ABOUT THIS EXERCISE :: From the first line to the last, restate the material word for word; pictures stay out.

SUPPLIED INFORMATION ::
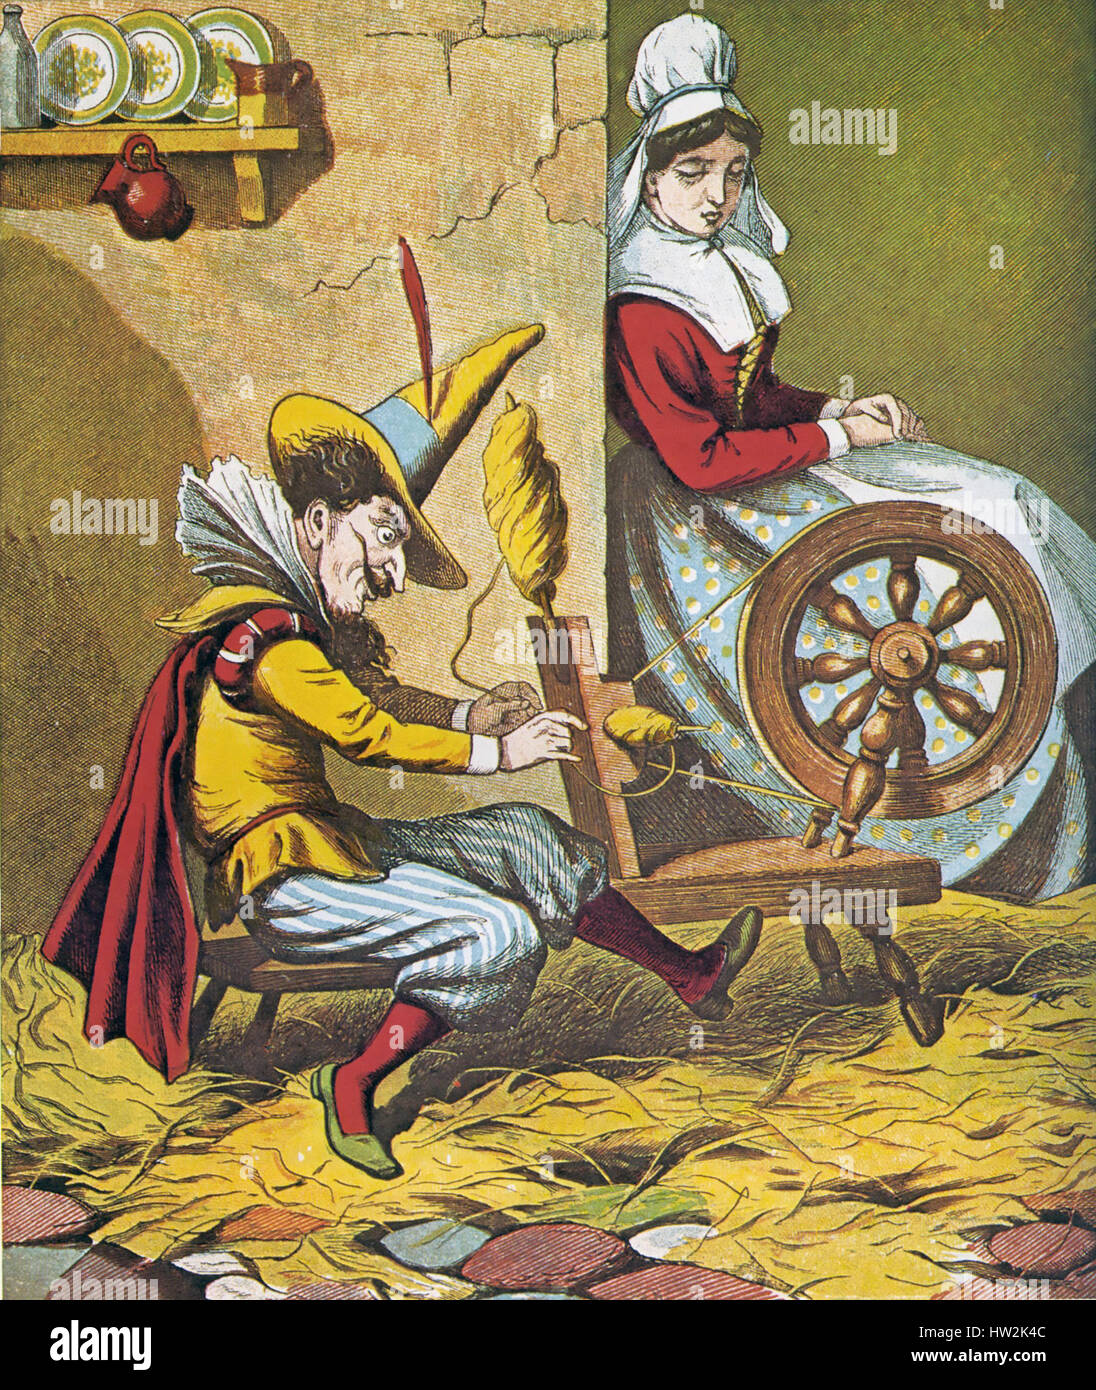 RUMPELSTILTSKIN fairy tale collected by the Brothers Grimm. Here he helps the miller's daughter with her spinning in an 1870 illustration from Routledge's Coloured Picture Book Stock Photo
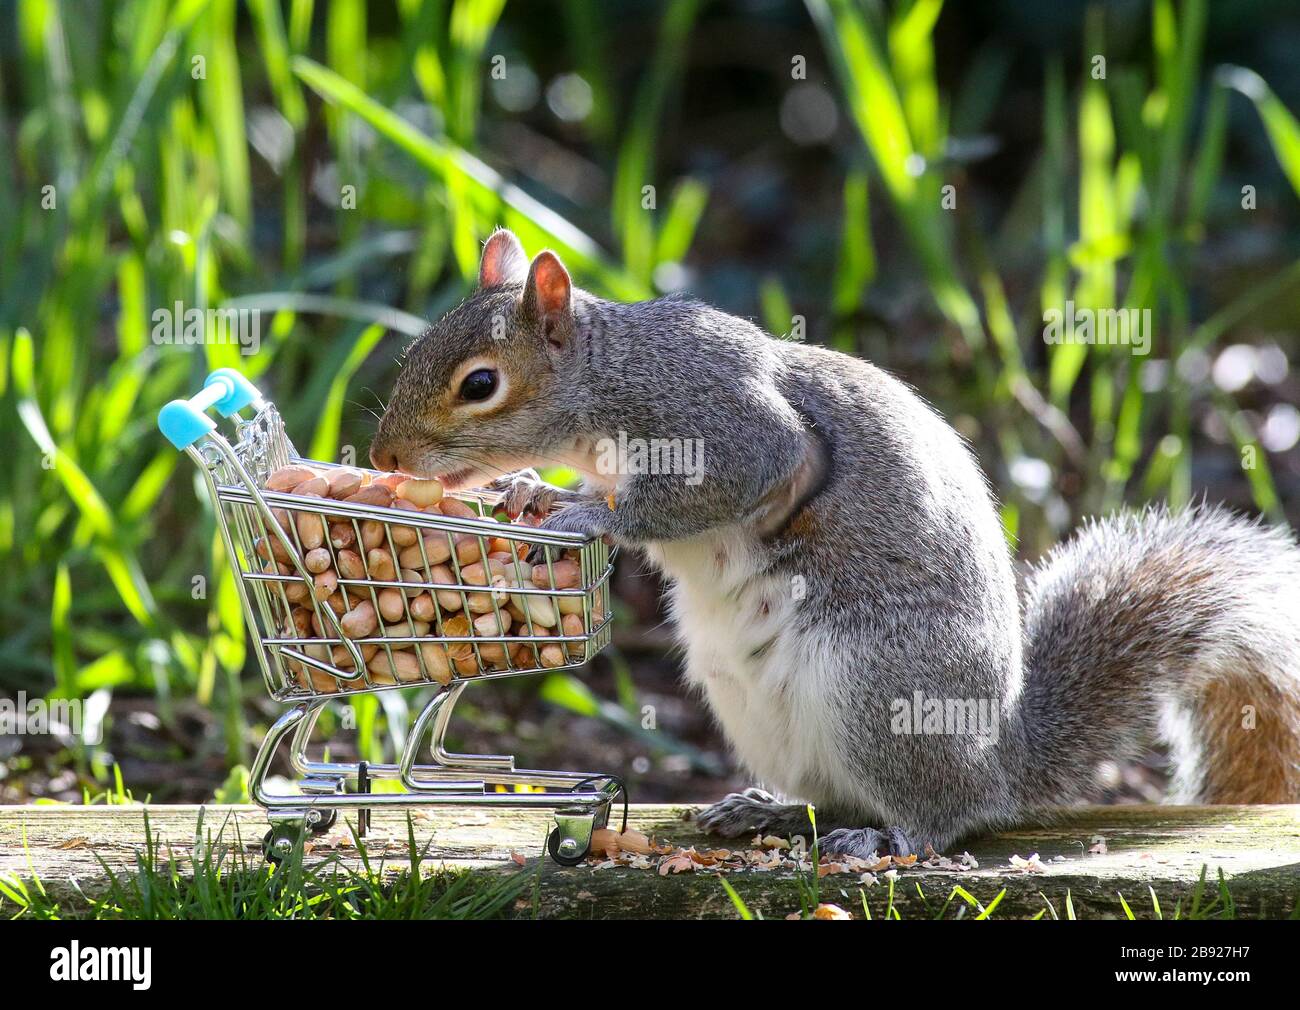 Southampton, Hampshire. 23rd March 2020. UK Weather: A Squirrel stockpiling nuts in a sunny back garden. Stock Photo
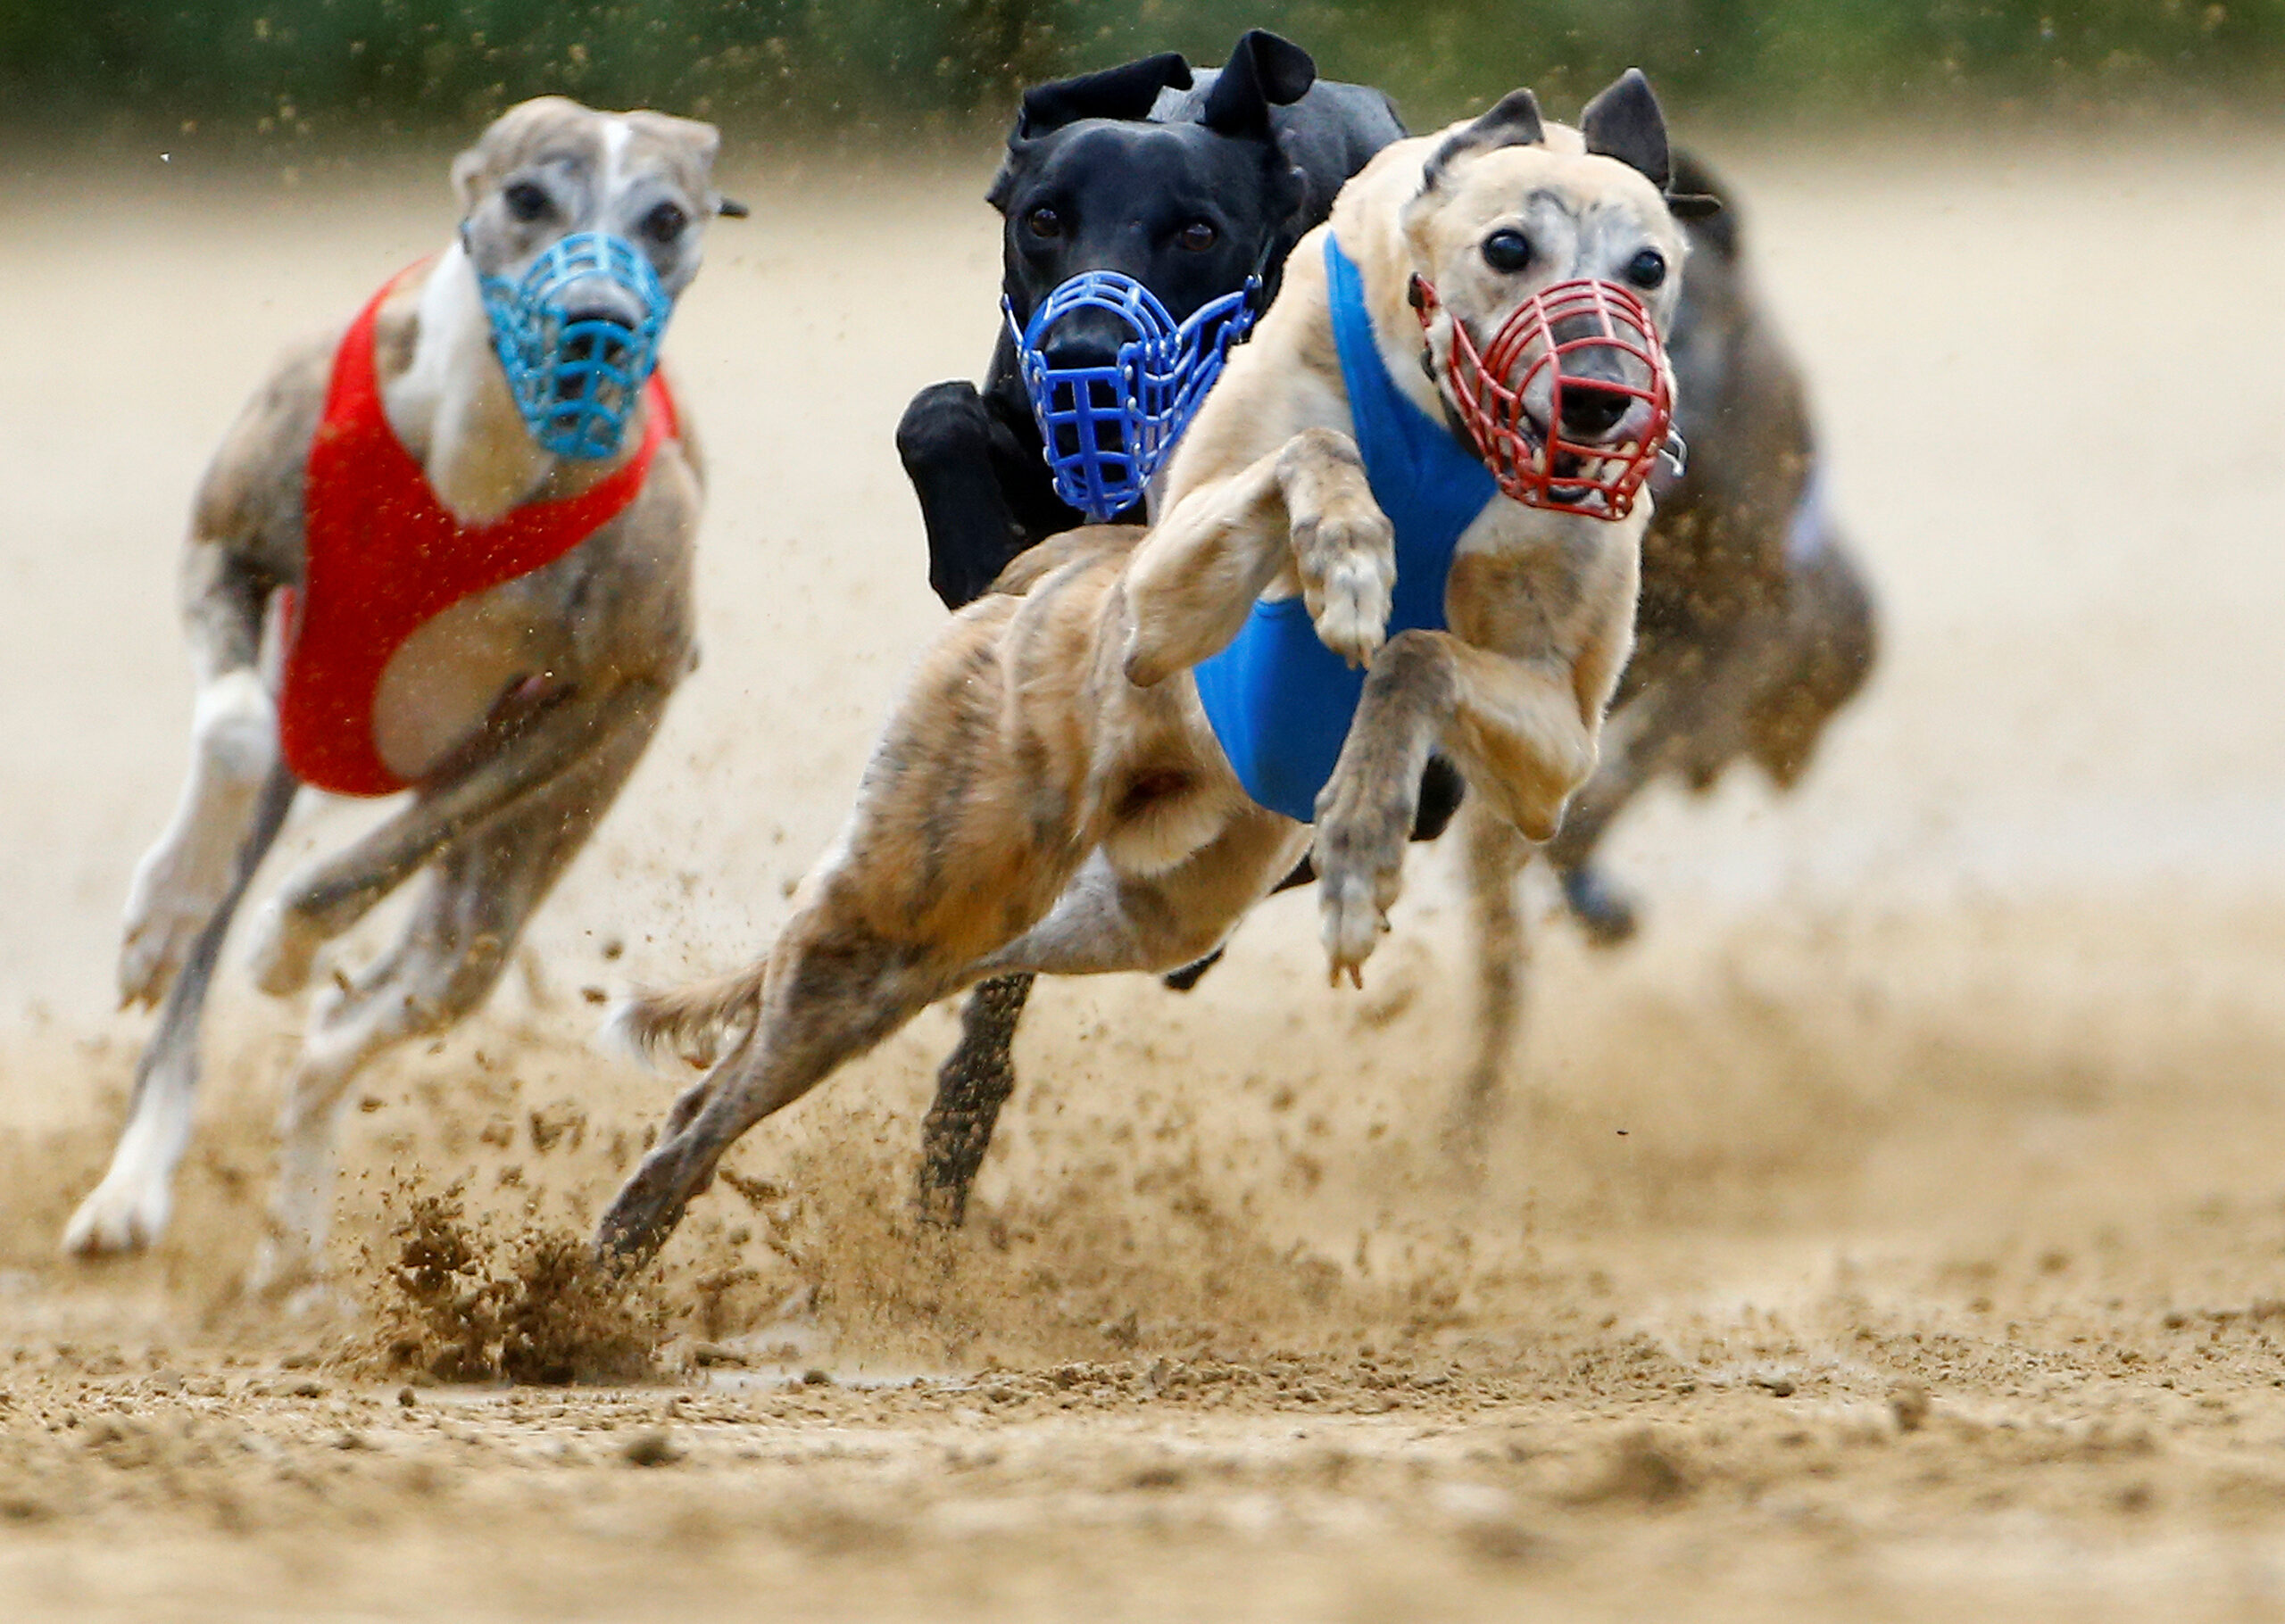 Dogs compete during an annual international dog race in Gelsenkirchen, Germany, June 9, 2019. Photo by Thilo Schmuelgen/REUTERS
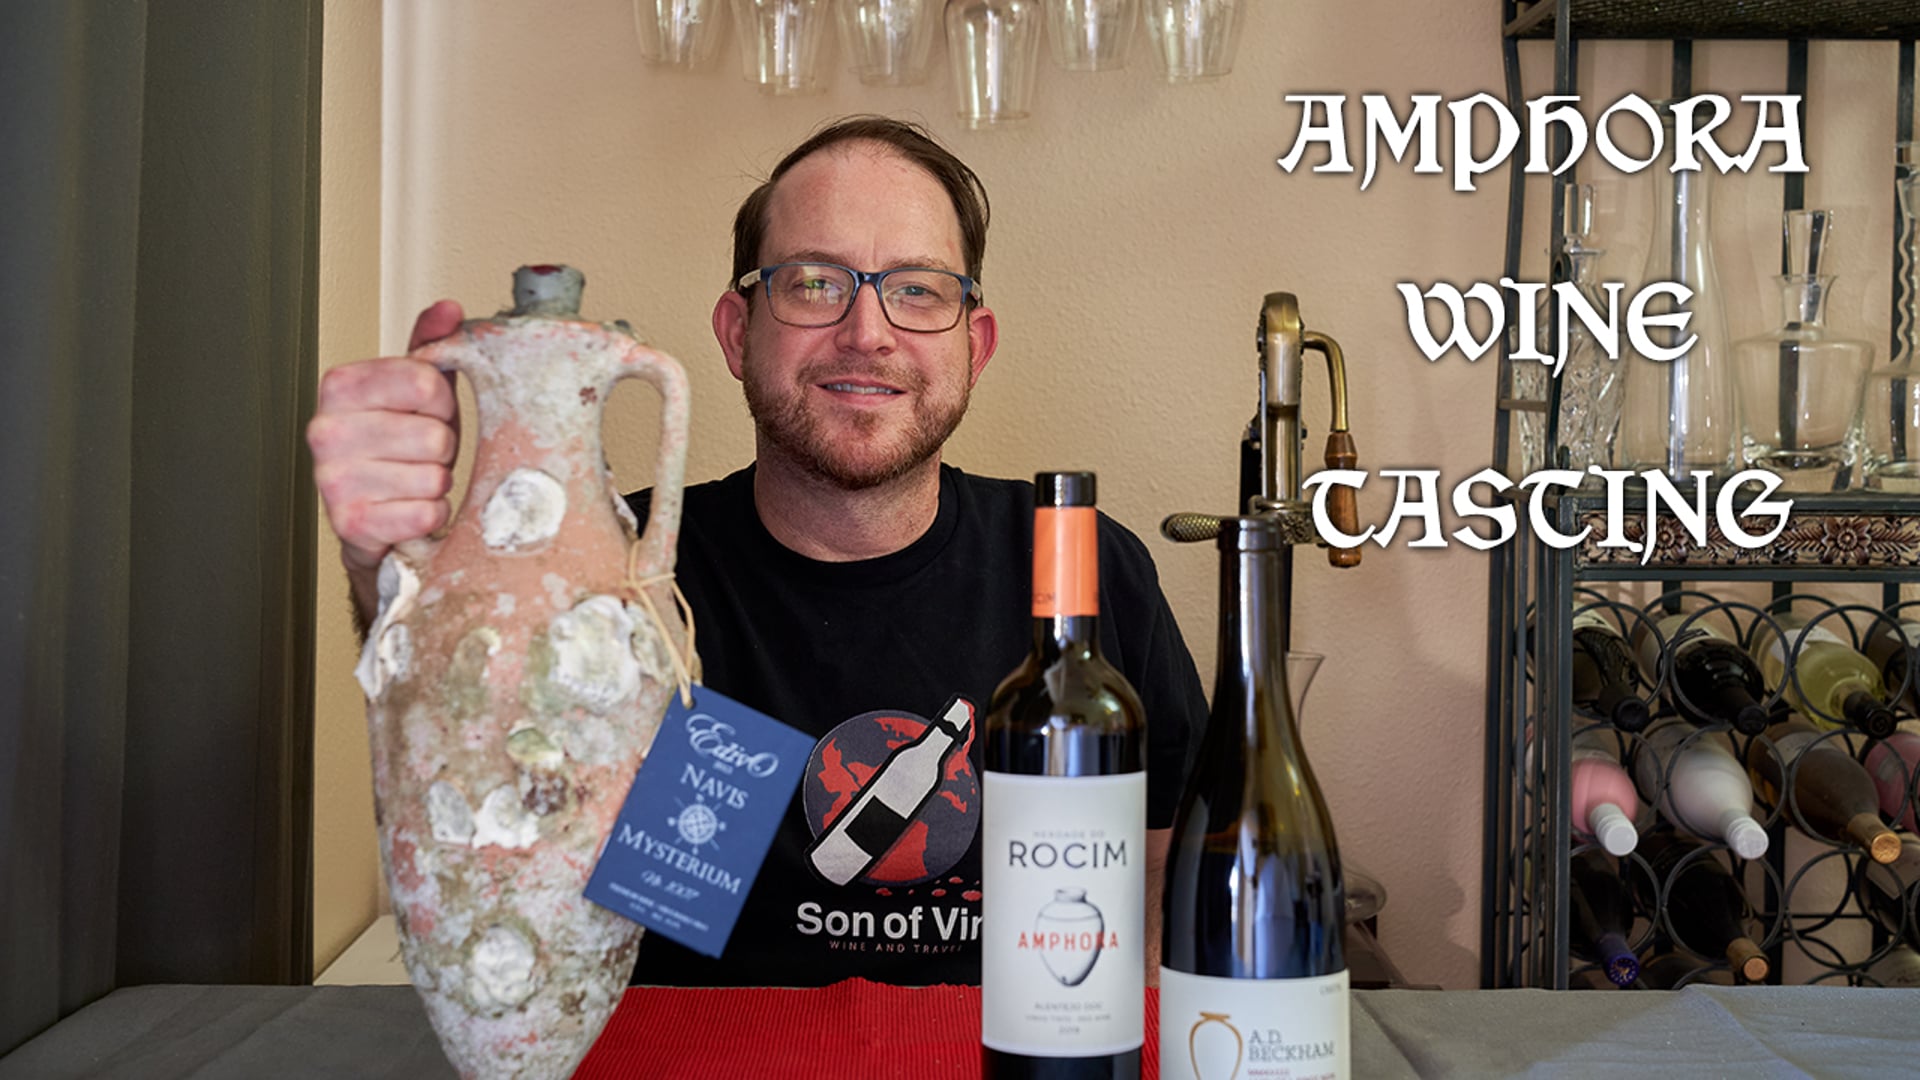 Watch Comparing Amphora wines from around the world on our Free Roku Channel

RESULT OF THE EXERCISE ::
 RUMPELSTILTSKIN fairy tale collected by the Brothers Grimm. Here he helps the miller's daughter with her spinning in an 1870 illustration from Routledge's Coloured Picture Book Stock Photo
 Southampton, Hampshire. 23rd March 2020. UK Weather: A Squirrel stockpiling nuts in a sunny back garden. Stock Photo
 Dogs compete during an annual international dog race in Gelsenkirchen, Germany, June 9, 2019. Photo by Thilo Schmuelgen/REUTERS
 Watch Comparing Amphora wines from around the world on our Free Roku Channel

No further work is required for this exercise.